St Nicholas Catholic Primary School fully supports the principle that young children learn through play, and by engaging in well planned and structured activities. Teaching in the reception classes builds on the experiences of the children in their pre-school learning. We have strong links between our own nursery, reception and year 1 classes and do all we can to build positive experiences and build the building blocks ready for the children’s transition from EYFS to KS1.

Impact 
The impact of our curriculum will hopefully be that pupils will leave us, prepared for the next stage in their lives. That they will be confident, articulate, independent and resilient and able to work towards a positive future and a happy life.

Nothing is learned unless it rests in pupils’ long-term memories, which is why our enrichment programme is so vital to provide ‘real’ and ‘visual’ memories that relates to their learning. This does not happen, and cannot be assessed, in the short term. Assessment, therefore answers two main questions: ‘How well are pupils coping with curriculum content? and ‘How well are they retaining previously taught content?’
The impact of our curriculum is that by the end of each topic area in the different subjects, the children who stay with us, in the long term, will have a firm grasp of the curriculum content, that is, they remember it and are fluent in it, with pupils gaining a greater depth of understanding. We monitor lessons, children’s work and pupil voice carefully to ensure that the vast majority of our pupils are on track to reach the expectations of our curriculum.

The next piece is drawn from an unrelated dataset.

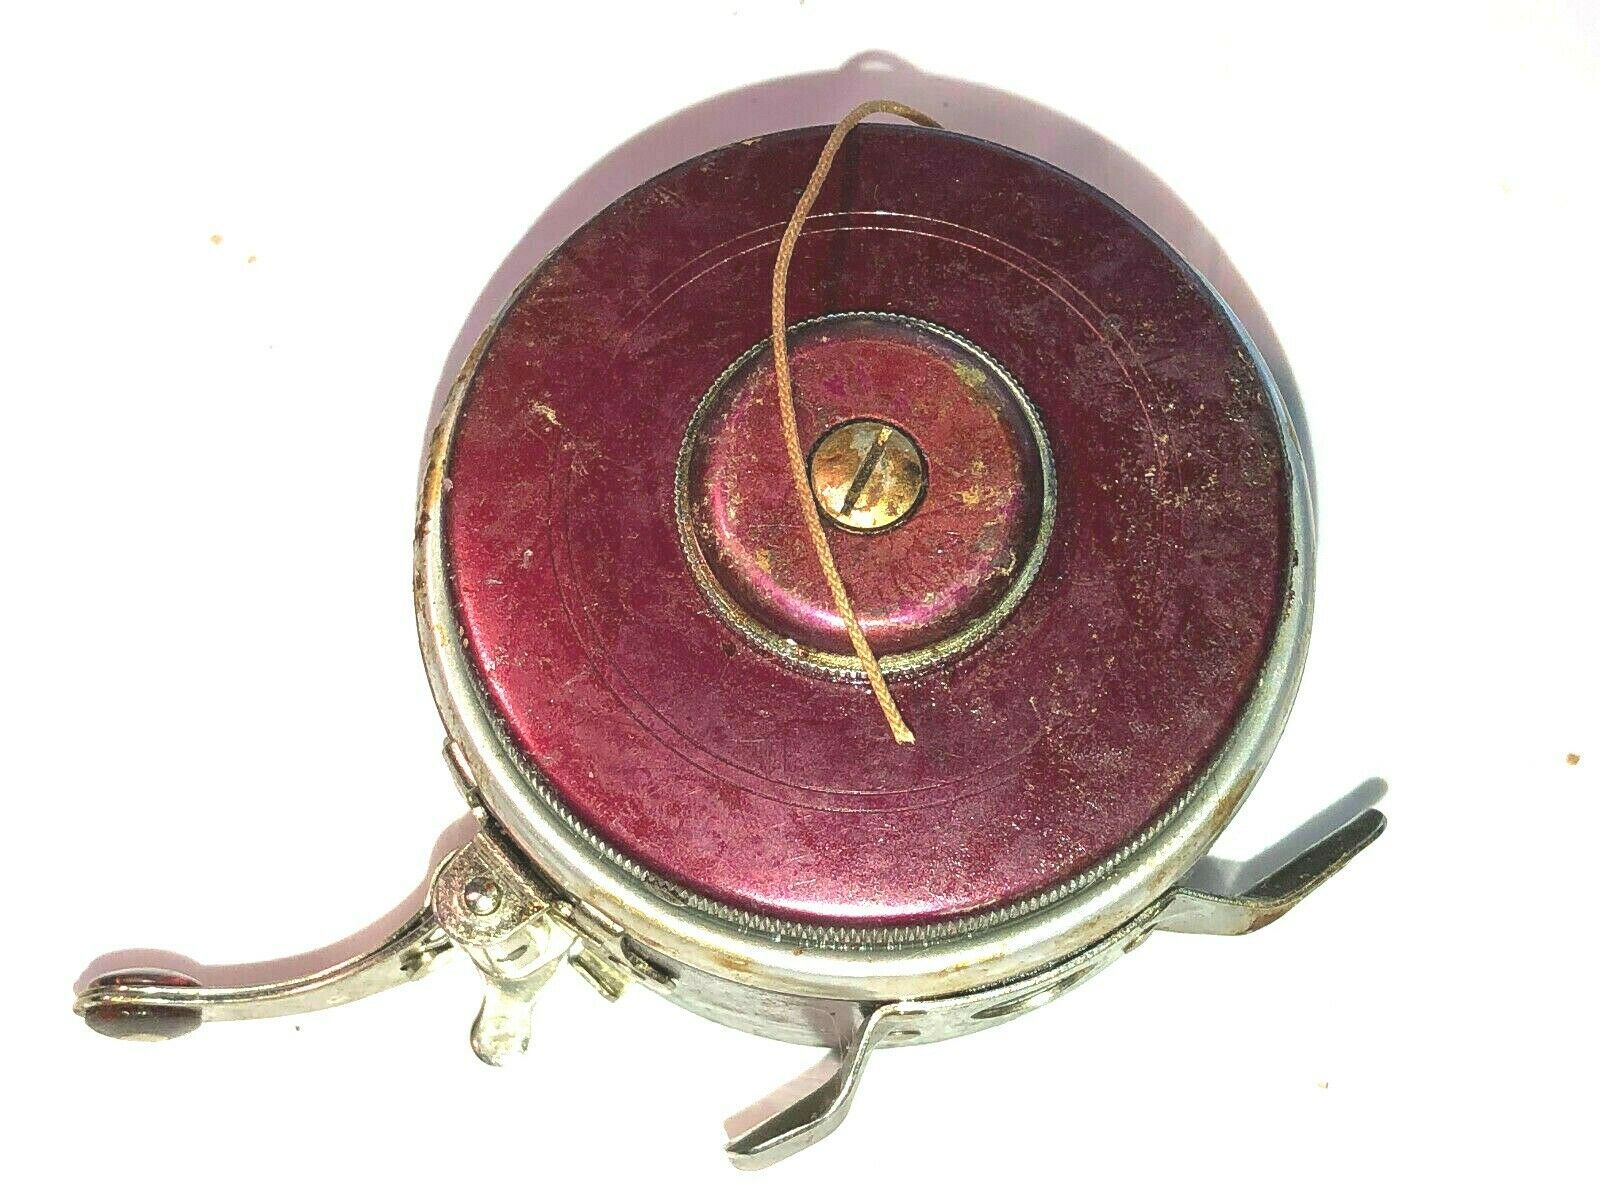 Primary image for Vintage Oren-o-matic Fishing Reel No 1140 Model D South Bend

Core Subjects including RE are assessed using termly assessments and termly tracking systems are updated. The Assessment lead and the class teacher subsequently produces termly reports showing attainment and progress of individuals and groups and this is shared with subject leaders, class teachers and other relevant stakeholders e.g. Governors. Foundation subjects are formatively assessed against the key objectives and progression maps and against how likely pupils are to reach age related expectations by the end of each key stage. This information is used by class teachers to adapt their planning and is collated and reported to parents each term with a formal written report at the end of the school year.

Assessment data is used to identify gaps in pupil’s knowledge, skills and understanding and to inform curriculum evaluations and design.

Many of our EAL and SEND learners find the impact of our strategies to aid their learning or, at the very least, give them the chance to communicate and access the curriculum. These strategies include our use of Makaton. We are now an accredited Makaton friendly school and use this with many of our children. We have also been accredited with the Inclusion Charter Mark, which recognises the inclusive provision we provide.

Curriculum review is an on-going process at St. Nicholas’, with evidence gathered from monitoring constantly informing its design and development. In addition, we undertake a more formal curriculum review at the end of each academic year, taking into account the views of pupils, staff, parents and governors and making changes accordingly. Our curriculum is constantly being refined and renewed in order to provide our pupils with the best possible provision and outcomes.